Objective
Majority of our DNA is made up of genes that do not produce any proteins. This ‘non-protein-coding’ compartment was previously thought to be junk and not contributing to any cellular functions. However, in recent years, non-coding RNAs (produced from non-coding DNA) are demonstrated to be important in several processes (including insulin production) and in disease onset/progression. These non-coding RNAs are also released in circulation, enabling them to be biomarkers of disease progression when measured in circulation (blood). This study aims to use our non-coding RNA (microRNA) biomarker signature, we identified through immunology, insulin-producing islet cell death, development and Type 1 diabetes (T1D) progression studies; on different longitudinal cohort of blood samples collected from mother-infant dyads for the first few years in life at different time points, which have groups that progressed and not progressed to T1D later in life. This study will identify the use of microRNA biomarkers for predicting T1D progression in the span from pregnancy, birth to early childhood leading the way to potentially providing new targets for intervention and prevention. This research is timely as there are current therapies to prevent beta-cell loss. Initiating immune-modulatory therapies earlier in high-risk populations when little to no insulin producing-cell damage has occurred may further delay or even prevent the requirement for exogenous insulin (thus preventing or delaying the onset development of T1D). This would be particularly life-changing for children where the diagnosis of T1D before 10 years of age is associated with a 16-year reduction in life expectancy.
Background Rationale
Currently genetic (genetic risk scoring) and biochemical (antibody) tests are used to screen for Type 1 diabetes (T1D) progression. Although, there are strong genetic links, 90% of individuals who develop T1D do not have any family history of T1D. Also, autoantibodies tests clinical presentation of T1D progression can take from months to years; and antibodies themselves are consequences of the underlying pre-existent pathology (a reminder of the “streetlight effect”). Current genetic and biochemical tests do not entirely explain the progression of T1D. MicroRNA are small RNA molecules that do not code for protein, known to be important biomarkers and regulators of cellular processes. They are also released in circulation, therefore can be measured in blood. MicroRNAs are established prognostic biomarkers of cancer progression, although not yet in T1D progression. Our human islet, immunity and T1D studies have led us to identify a signature of microRNAs that could potentially predict T1D progression early. This proposed research will measure this microRNA signature in a small amount blood samples from different existing longitudinal cohort studies to predict islet autoimmunity and T1D progression within blood samples of pregnancy (maternal), cord (at birth) and (minimally invasive) heel-prick samples of neonates and children in the first two years of life.
Description of Project
Currently genetic (genetic risk scoring) and biochemical (antibody) tests are used to screen for Type 1 diabetes (T1D) progression. However, many individuals with T1D have no family history of T1D, and in addition autoantibodies are the consequences of underlying pathological mechanisms leading to T1D, and are therefore, not the best biomarkers for T1D progression. Since current tests do not truly capture T1D progression, they are a reminder of the “streetlight effect”.

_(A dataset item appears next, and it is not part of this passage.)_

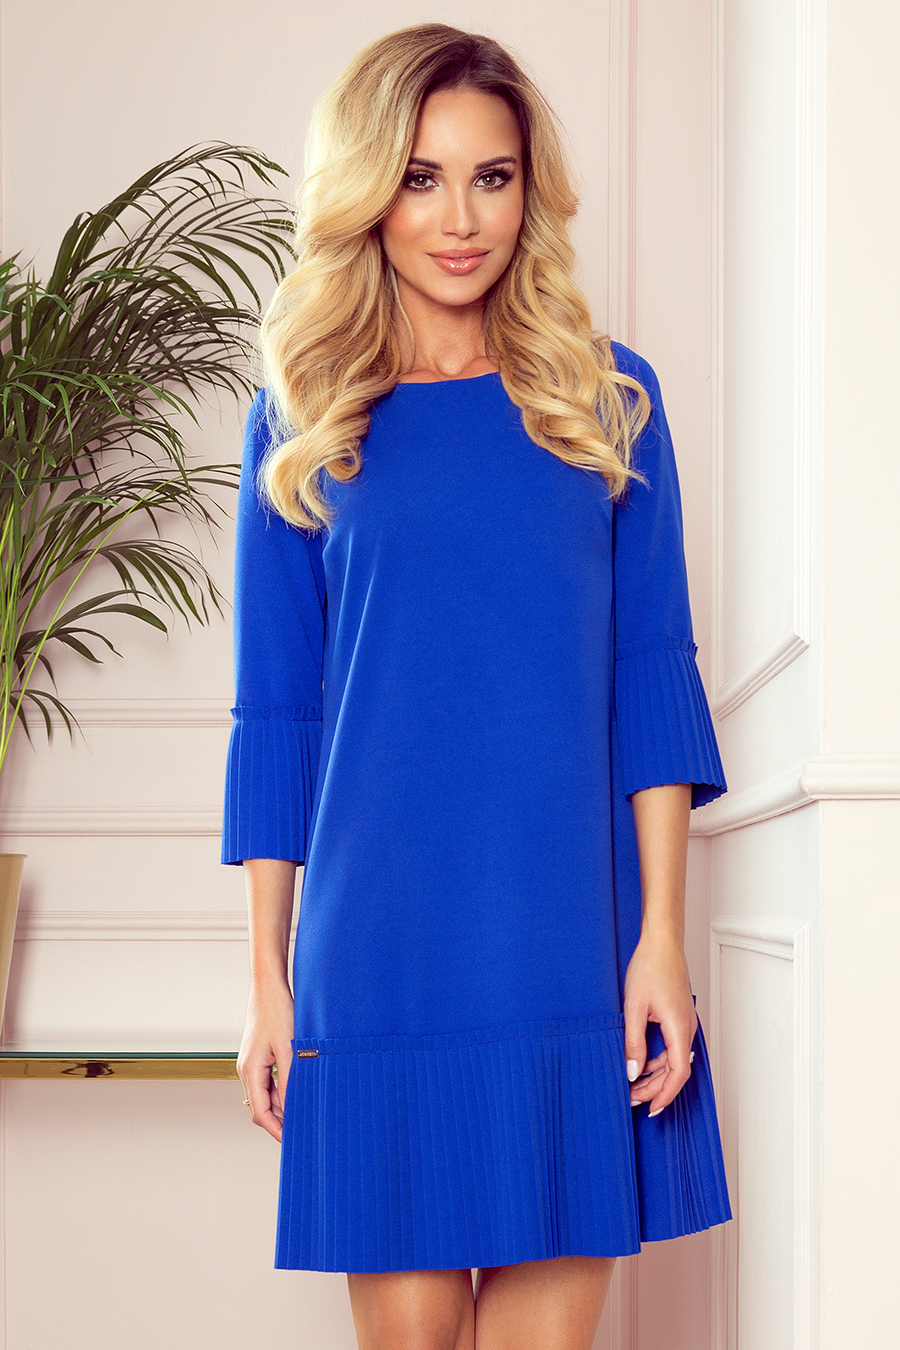 Dámske šaty 228-8 Lucy - NUMOCO kráľovská modrá S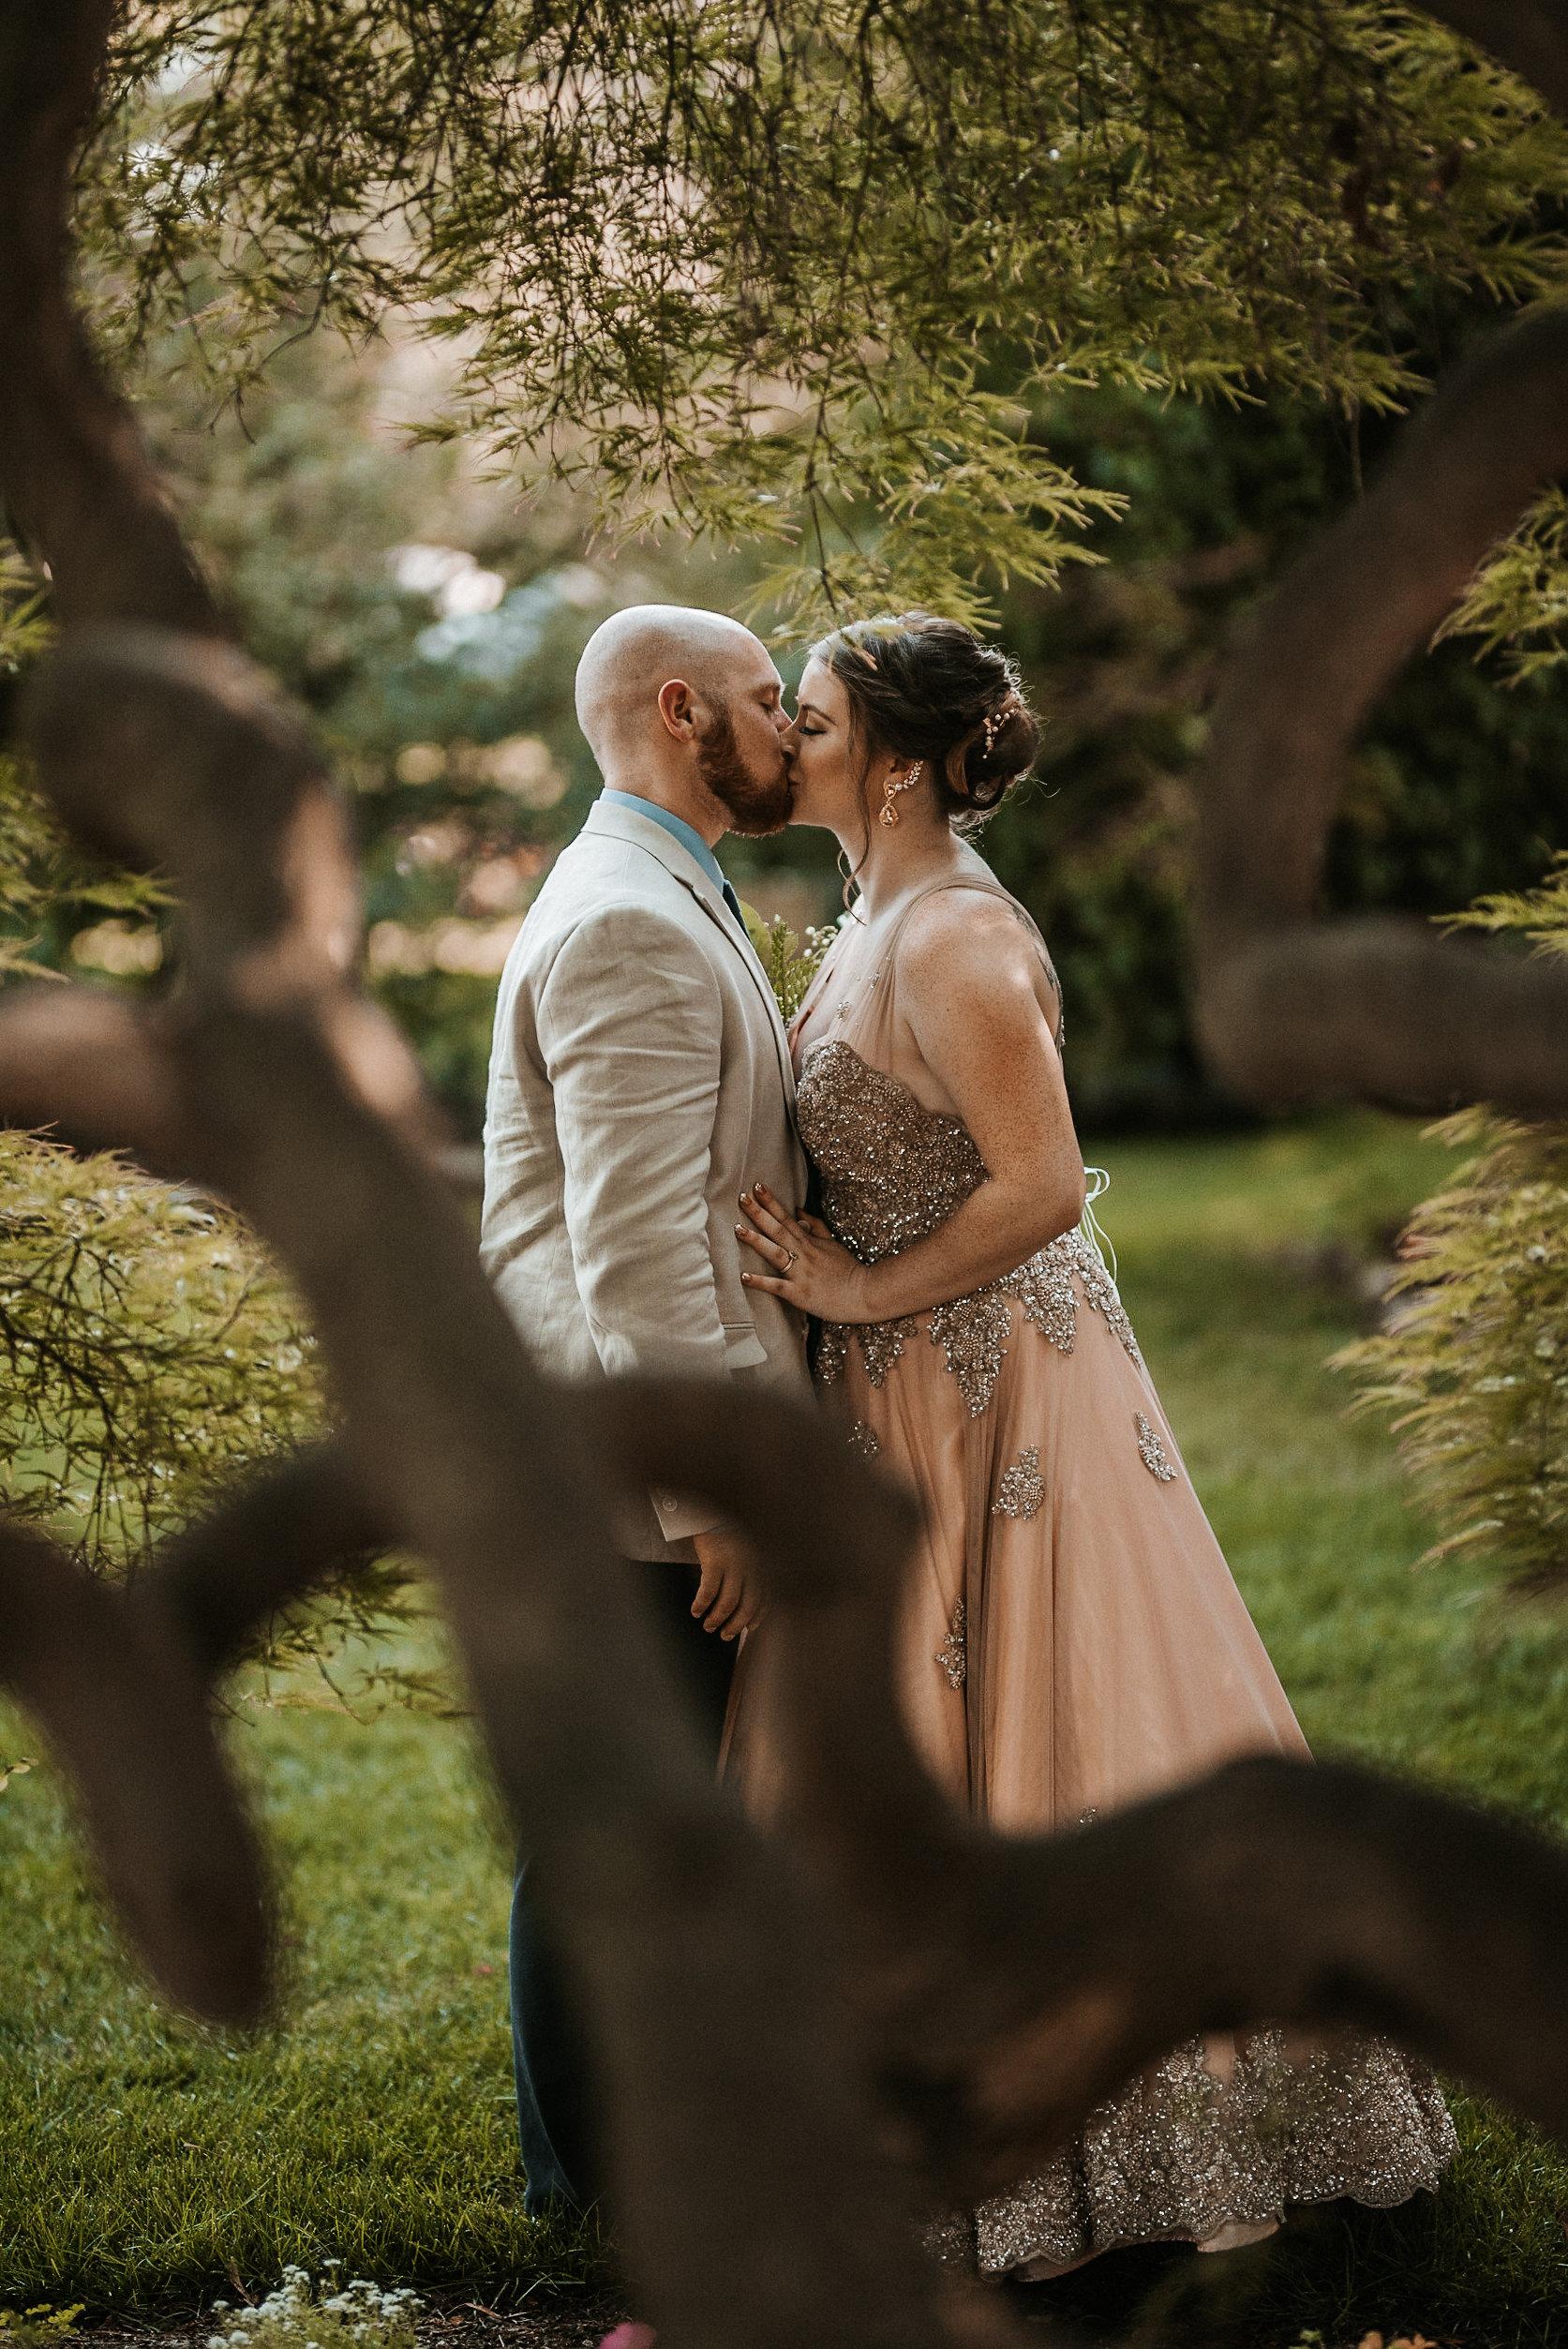 Bride and groom kissing behind tree

Regulatory molecules (such as microRNAs) have not only been identified are fine regulators of insulin production but can be robust biomarkers. MicroRNA biomarkers are well-established in cancer prediction and treatment efficacy, although as of not yet established in T1D. Through our previous research on autoimmune-model of diabetes, pancreas development, insulin production and clinical T1D progression; we identified a signature of microRNA biomarkers that has the potential to predict T1D risk. Here, we will profile and assess the potential of this biomarker signature in samples already collected from mother-infant dyads from existing longitudinal cohort study to predict islet autoimmunity and T1D progression within the first two years of life.
Anticipated Outcome
It is anticipated that this microRNA signature will help identifying the risk for T1D progression in early life. Different cohorts from within Australia and internationally (from Denmark and Qatar) will provide an additional assessment of ethnic and population differences, which is anticipated to observe differences in the microRNA signature, yet will still be predictive of T1D risk for progression. Early detection will help prevent diabetes with new and emerging therapies.
Relevance to T1D
Identification of T1D progression early with this microRNA signature will help determine the initiation of early immune-modulatory therapies in high-risk populations when little to no beta-cell damage has occurred that can further delay or even prevent the requirement for future exogenous insulin. This would be particularly life-changing for children where the diagnosis of T1D before 10 years of age is associated with a 16-year reduction in life expectancy.